A held-out dataset used exclusively to evaluate a trained model's performance on unseen examples — providing an unbiased estimate of how the model will perform in the real world.
In Depth
Test data is the final exam of machine learning. After a model is trained on training data and tuned using a validation set, it is evaluated exactly once on the test set — data it has never seen and which was not used in any training or tuning decision. The test set performance is the most honest estimate of how the model will perform on new, real-world data. Any other performance numbers — training accuracy, cross-validation score — are less reliable indicators of real-world behavior.
The critical rule is that test data must be completely isolated from the model development process. If test data is used to make any decision — choosing between model architectures, selecting hyperparameters, or deciding when to stop training — it is no longer a valid test set. This 'peeking' leads to optimistic performance estimates that don't hold in deployment. In practice, the data is typically split into three parts: training (model learning), validation (hyperparameter tuning and model selection), and test (final unbiased evaluation).
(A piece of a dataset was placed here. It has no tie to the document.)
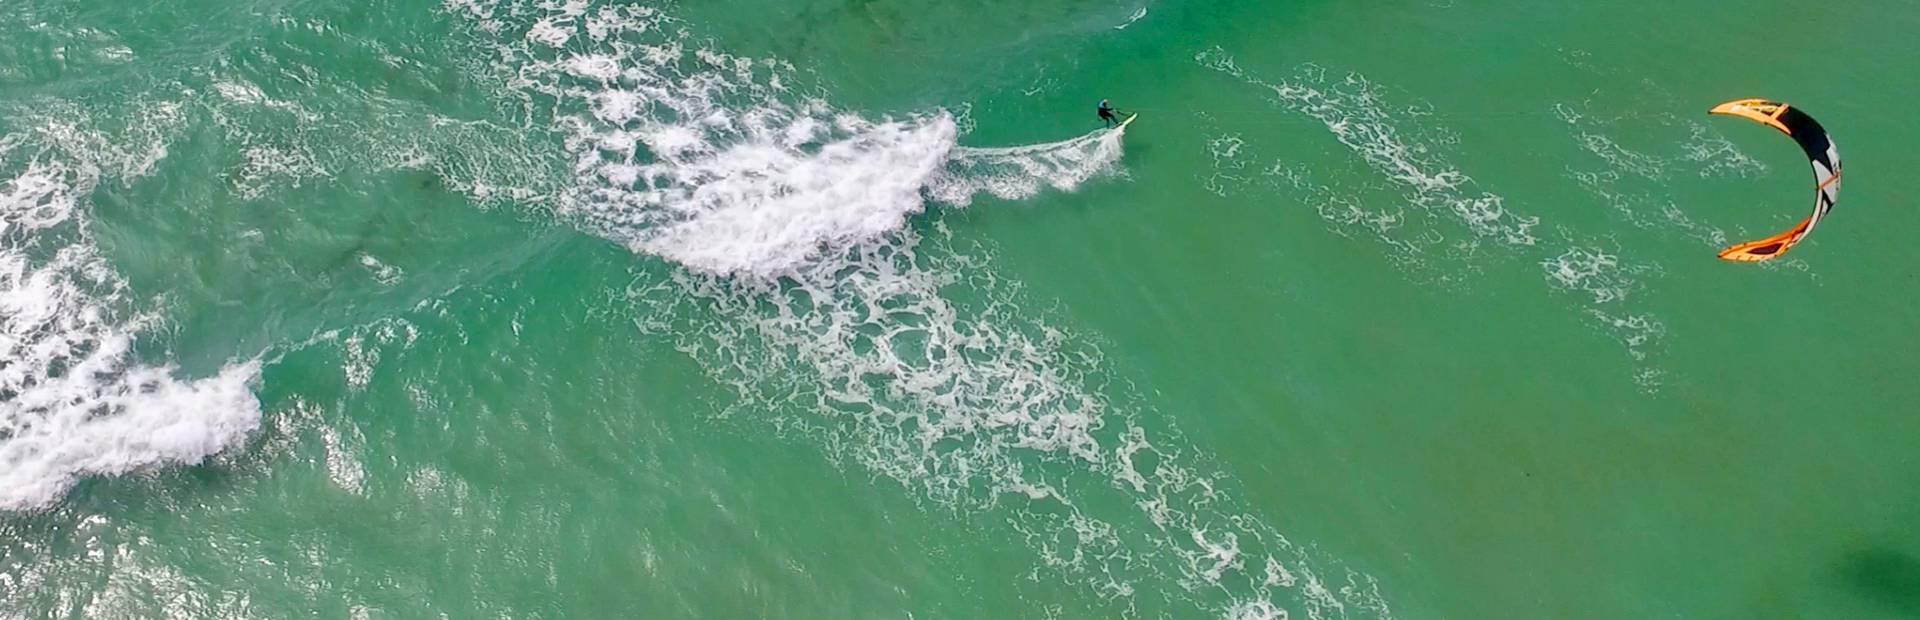 Windsurfen in der Bucht von Audierne - Pays Bigouden -® Air Pixel Concept

Data leakage — where information from the test set inadvertently influences training — is a common and dangerous error. It can occur through feature engineering applied before the train-test split, temporal leakage (using future data to predict the past), or simply through repeated use of the same test set across many experiments. High-stakes AI applications in medicine, finance, and law require careful data governance to prevent leakage and ensure reported performance reflects real-world expectations.
Test data is the ultimate reality check — the only honest estimate of how a model will perform on the world it has never seen. Its integrity must be protected absolutely throughout the development process.